Adapting Novelty towards Generating Antigens for Antivirus systems
Ritwik Murali, C Shunmuga Velayutham
TL;DR
This work tackles the brittleness of signature-based antivirus detection by introducing a modular assembly-language framework, MAGE, that uses novelty-search-guided evolutionary algorithms to generate diverse, valid malware variants while preserving malicious intent. By representing malware as linear assembly programs and applying carefully constrained mutation and crossover operators, the framework promotes high-diversity variant generation and constructs a dataset of antigens that can train malware analysis engines. The key contributions include a novelty-based quality indicator, a set of assembly-level transformation operators (e.g., $T_{FI}$, $T_{FJ}$, $T_{UB}$, $T_{CZJ}$, $T_{CNZJ}$, $T_{CBI}$), and empirical evidence that evolved variants evade over 98% of scanners on VirusTotal, illustrating the practical value for proactive defense. The resulting antigen dataset and modular architecture offer a flexible platform for advancing malware detection and resilience against evolving threats.
Abstract
It is well known that anti-malware scanners depend on malware signatures to identify malware.
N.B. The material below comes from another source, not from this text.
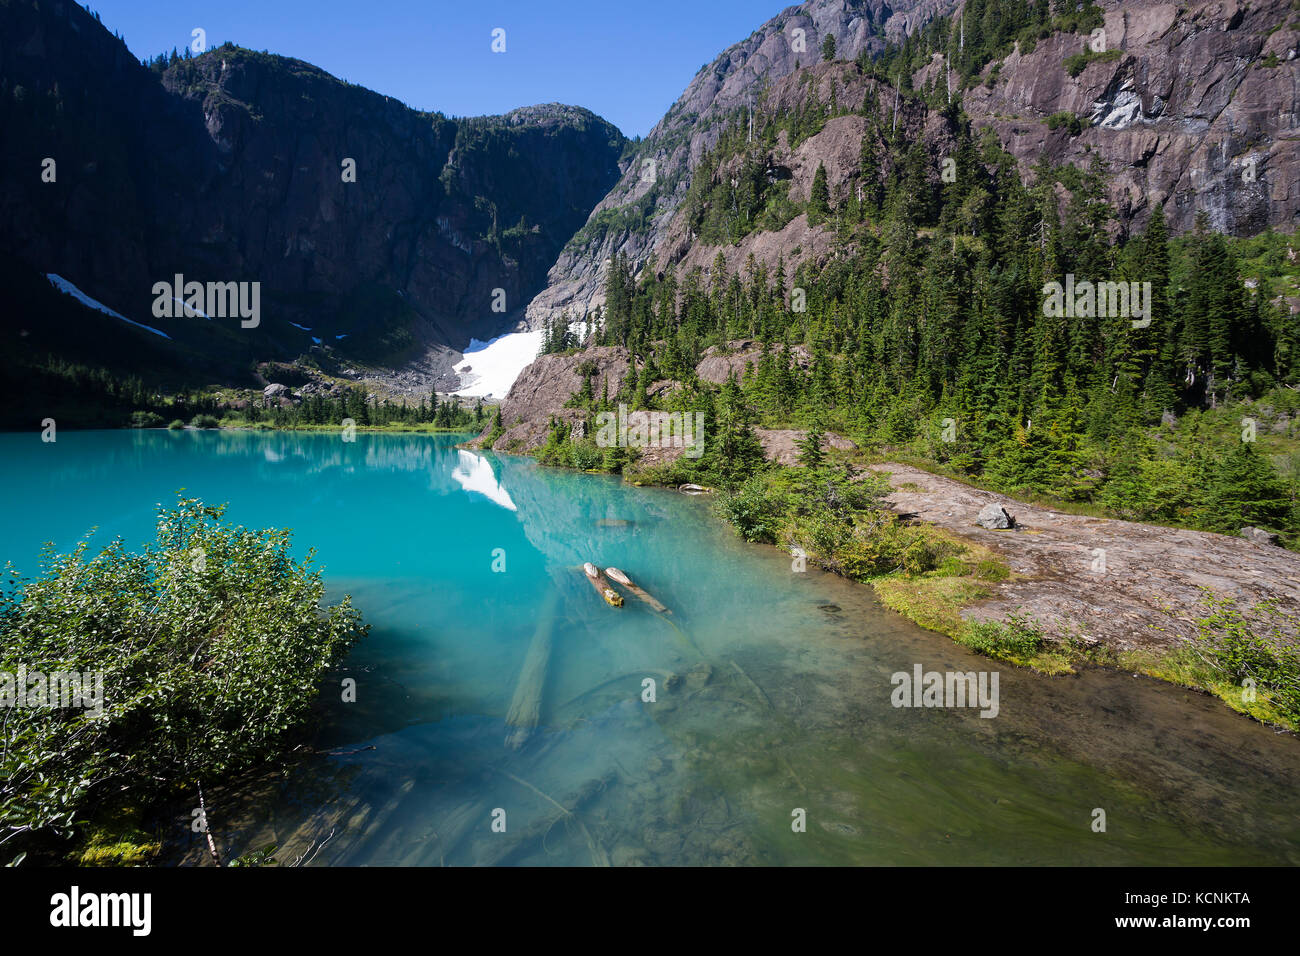 L'eau turquoise du lac sam siècle reflète un paysage de montagnes dans le parc Strathcona, l'île de Vancouver, Colombie-Britannique, Canada Banque D'Images

However, even minor modifications to malware code structure results in a change in the malware signature thus enabling the variant to evade detection by scanners. Therefore, there exists the need for a proactively generated malware variant dataset to aid detection of such diverse variants by automated antivirus scanners. This paper proposes and demonstrates a generic assembly source code based framework that facilitates any evolutionary algorithm to generate diverse and potential variants of an input malware, while retaining its maliciousness, yet capable of evading antivirus scanners. Generic code transformation functions and a novelty search supported quality metric have been proposed as components of the framework to be used respectively as variation operators and fitness function, for evolutionary algorithms. The results demonstrate the effectiveness of the framework in generating diverse variants and the generated variants have been shown to evade over 98% of popular antivirus scanners. The malware variants evolved by the framework can serve as antigens to assist malware analysis engines to improve their malware detection algorithms.